How to create tasks automatically - 6.5

Talend Data Stewardship Console User Guide

Talend Data Fabric
Talend MDM Platform
Talend MDM Web UI
Data Governance
Data Quality and Preparation

The tStewardshipTaskOutput component allows you to create either resolution or data tasks and list them in the stewardship console database.

When you use this component in a data matching Job, all data resolution tasks corresponding to the existing data conflicts are listed in the stewardship console waiting to be resolved. An authorized data steward can then intervene in order to merge/resolve this data coming from heterogeneous sources.

When you use this component in a data integration Job, data tasks are also listed in the stewardship console waiting for a stewards intervention to insure that data is consistent and complete.

Below is an example of a possible lifecycle of the data resolution tasks listed in Talend Data Stewardship Console:

When multiple sources exist for the same data records and those sources conflict, you must choose one source, or merge data from these different sources to reach the valid records. A matching for these records is necessary. Where a match is not found, problematic data is listed in Talend Data Stewardship Console where a manual composite matching through human intervention is required. This composite matching will resolve the conflicts and reach the final set of data that will be placed in the MDM hub if it is master data or in any other database/application/file.

This overall flow is translated in one or more Talend Jobs that will gather data from multiple sources, use the tMatchGroup component to match data. Where a match is not find, a tStewardshipTaskOutput will list the data in Talend Data Stewardship Console. An authorized steward can then do the composite matching on the listed data to reach the final set of data that will be written in the stewardship console database.

Consider as an example that a Talend Job using the tMatchGroup component has been designed and executed in the Integration perspective in Talend Studio to match customer records coming from three different sources: a SAP system, an Oracle database and an excel file. Exact and possible matches have been found in the data.

In this Job:

  • a tUnite component merges the data coming from the three sources,

  • a tGenkey component generates a functional key for each input column,

  • a tMatchGroup component compares the columns in the input flow by using a defined matching method and groups similar encountered duplicates together,

  • a tMap component filters the matching results and sends the unique records to a tMDMOutput component to write them in the MDM hub,

  • a tSurviveFields component receives the flow from tMap and merges it based on one or more columns to have the golden records that are sent to the MDM hub via a tMDMOutput,

  • another tMDMOutput that writes the unique records directly in the MDM hub,

  • a tStewardshipTaskOutput component creates the data resolution task that details all the match and possible match record values, that could not be resolved automatically, and lists them in Talend Data Stewardship Console.

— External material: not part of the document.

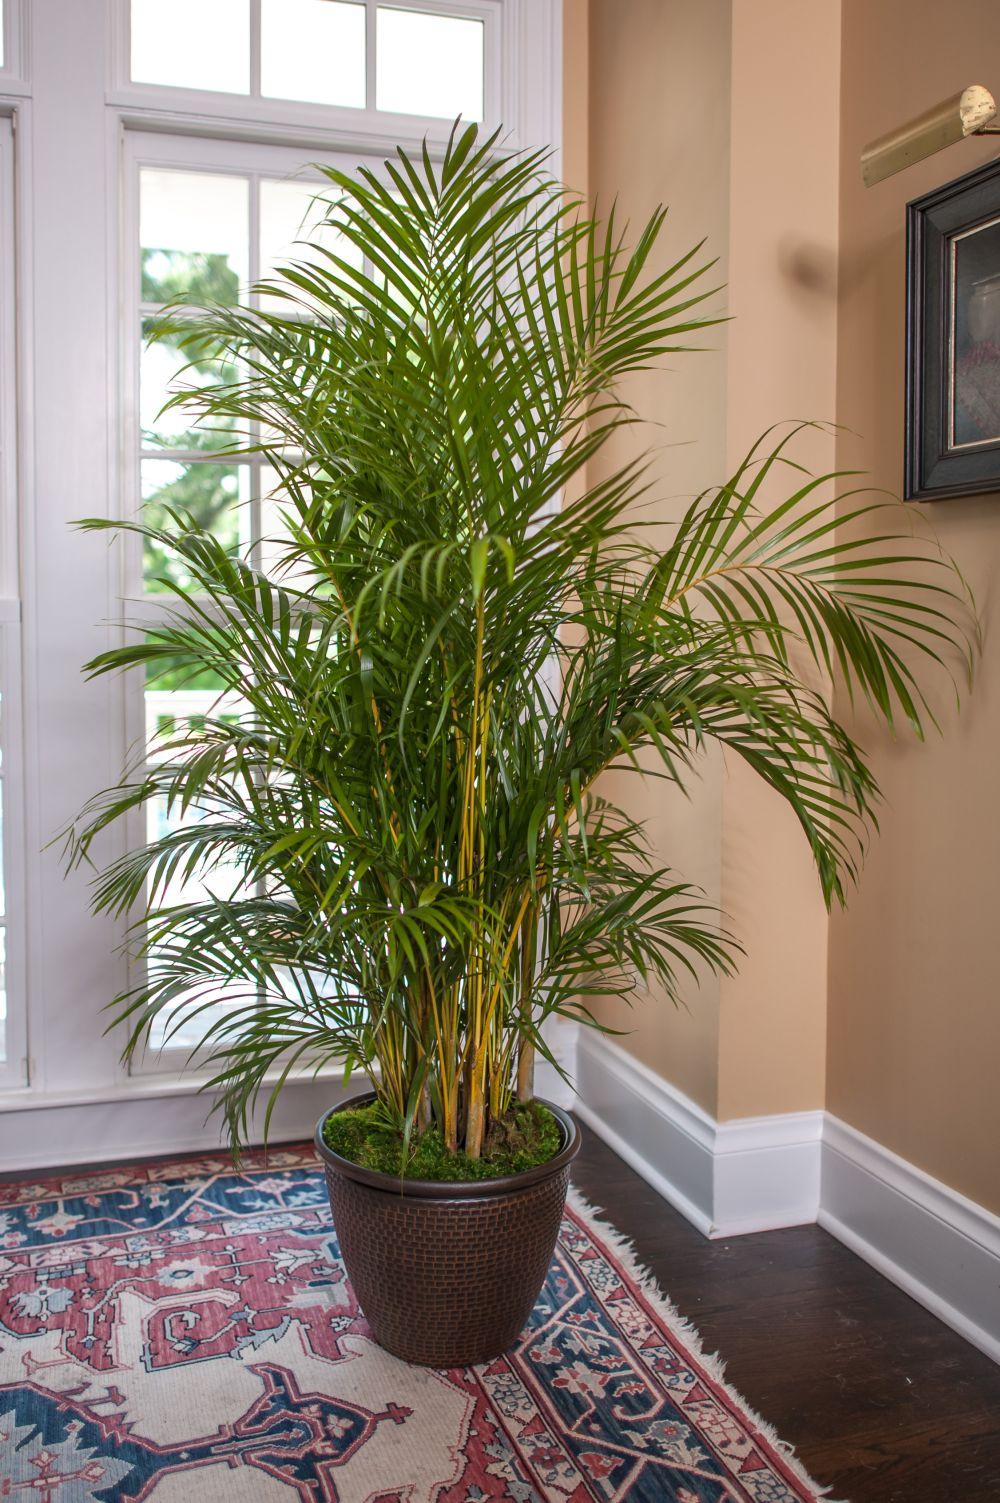 adelaparvu.com despre plante potrivite in dormitor, Text Carli Marian, Foto Areca Palm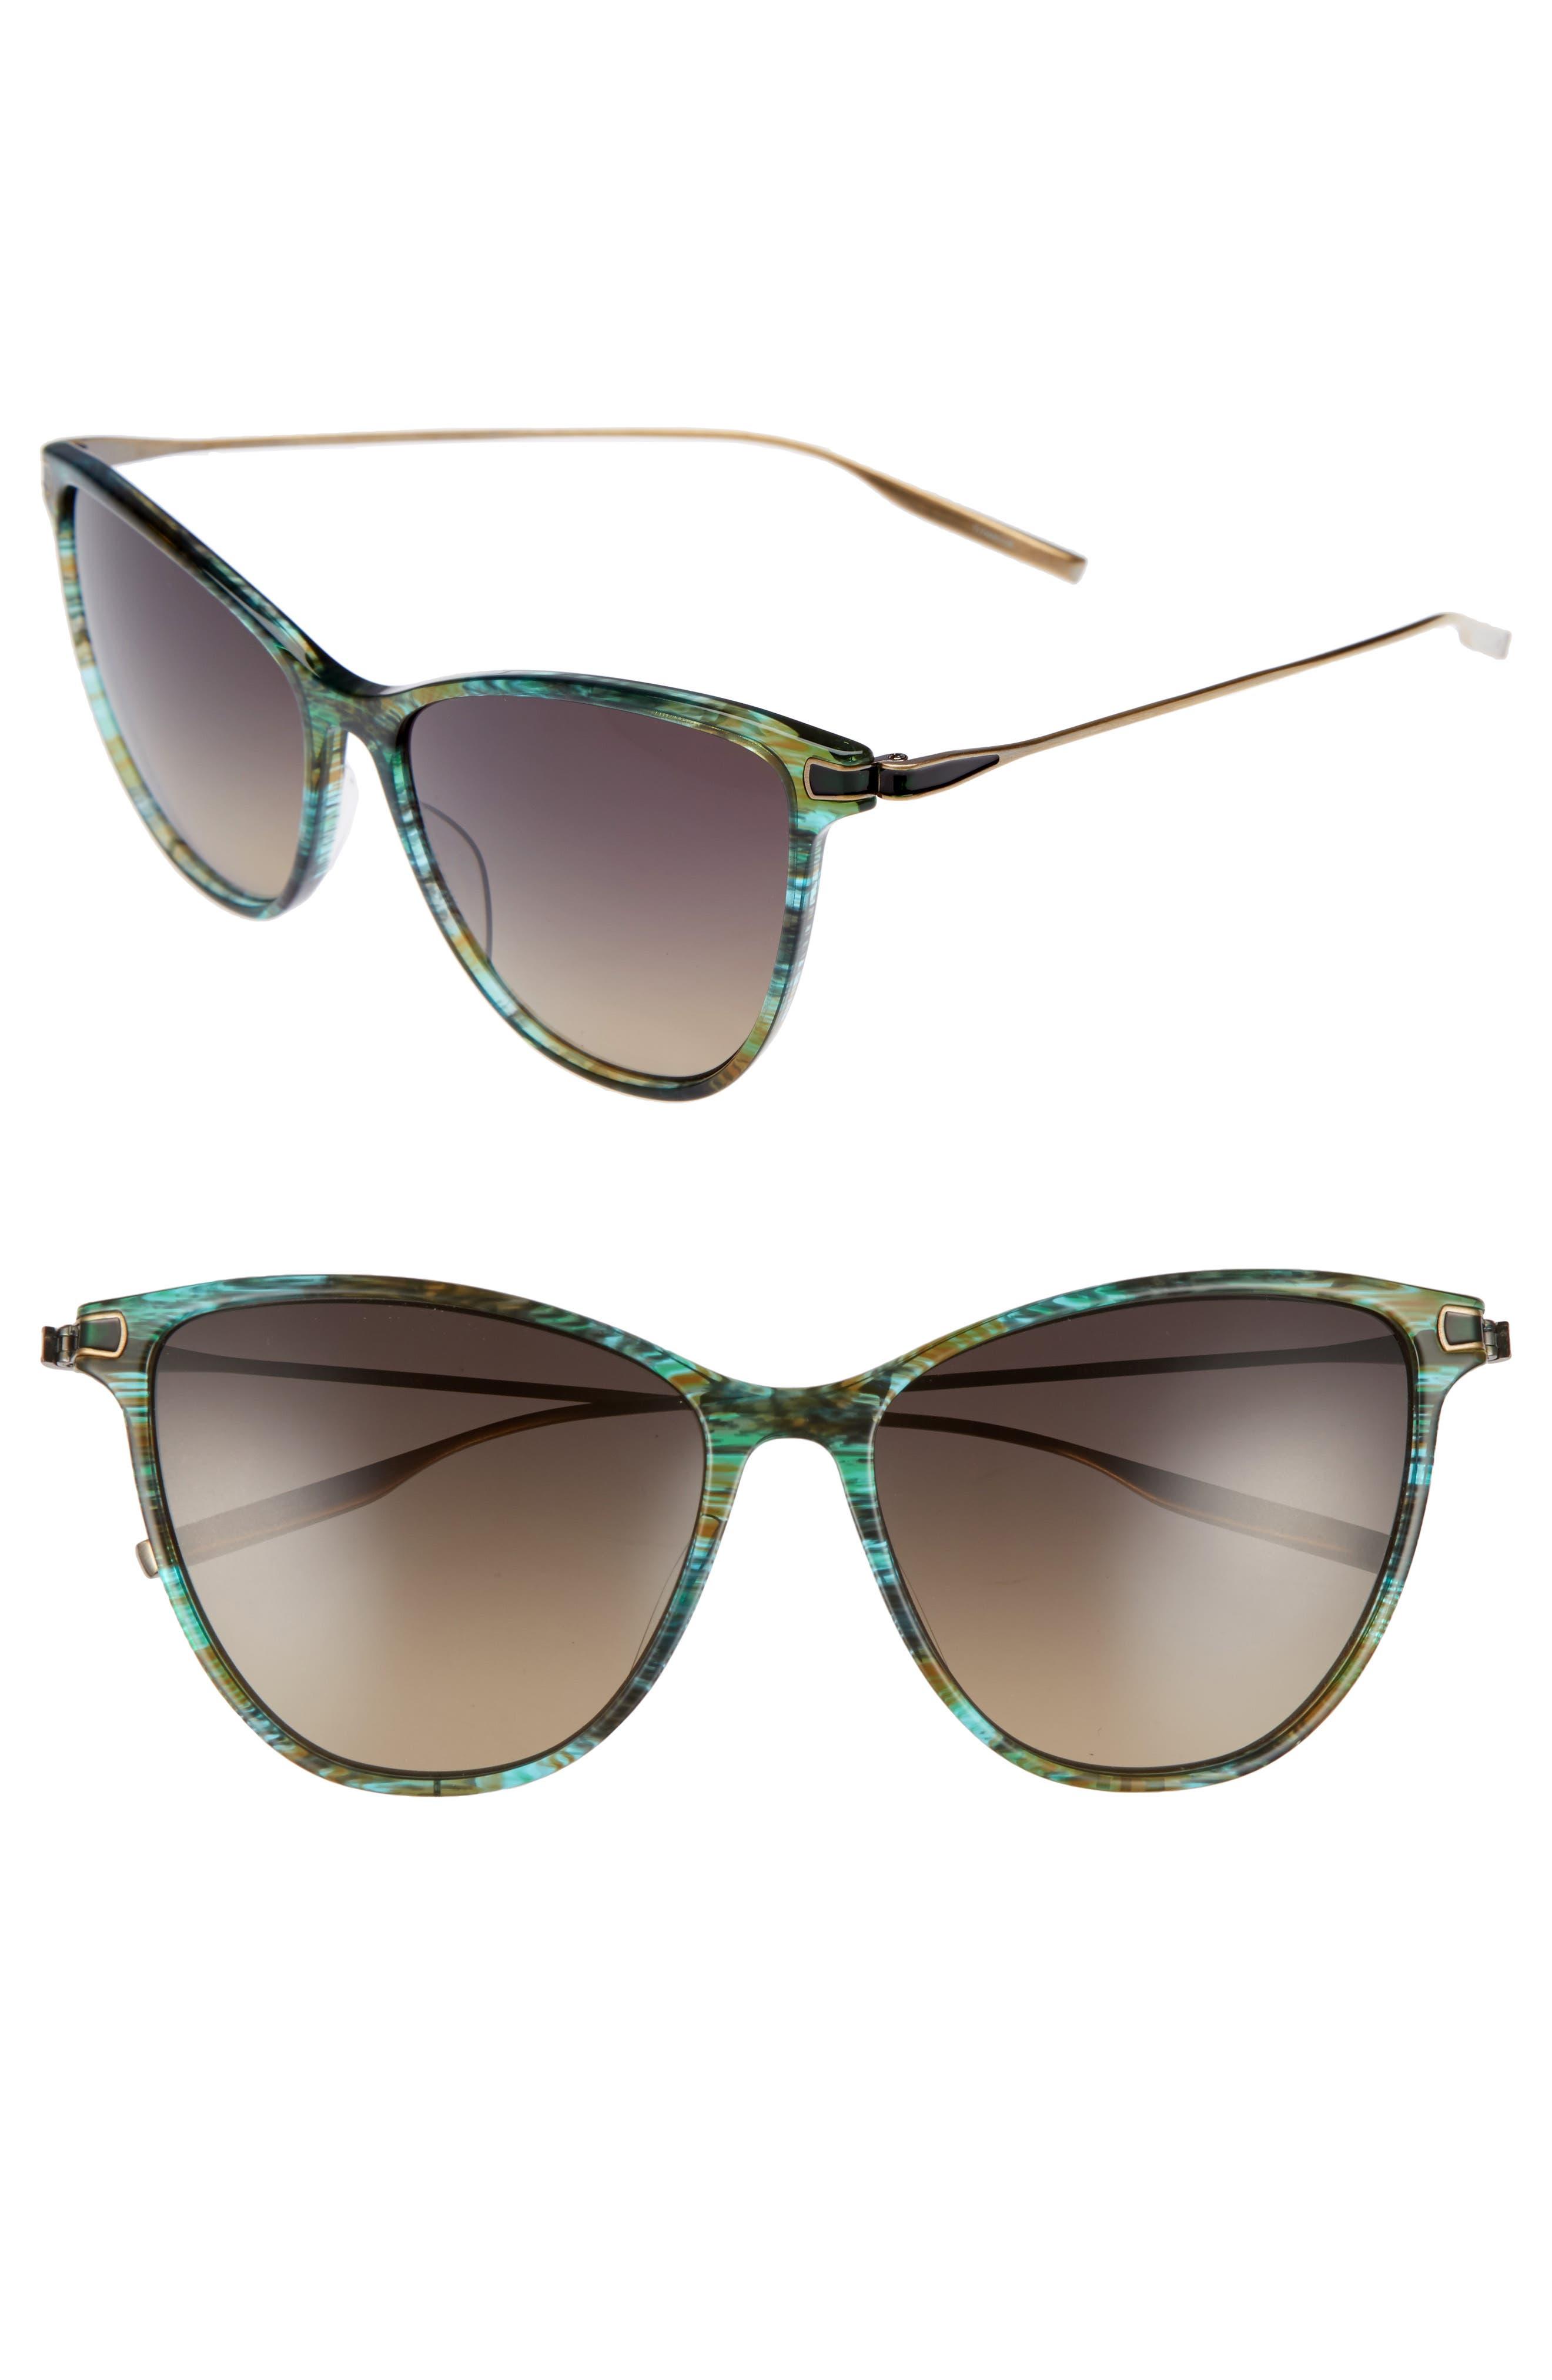 Main Image - Salt 58mm Polarized Cat Eye Sunglasses

An authorized steward will then intervene to manually track/merge/resolve the tasks listed in the task list in order to composite the valid data records and store them in the stewardship console database. Another Talend Job using a tStewardshipTaskInput and an output component is used to write the data in the MDM hub or in any MDM target application. The tStewardshipTaskInput component will read resolved tasks from the stewardship console database and send the records stored in the tasks to the output component that will populate the MDM hub or any other MDM target application with these data records.

For further information about the Talend components necessary to design such a Job, see the Talend Components Reference Guide, especially the data quality and MDM component chapters.

For an example scenario, see the scenario of tStewardshipTaskOutput in the Talend Components Reference Guide.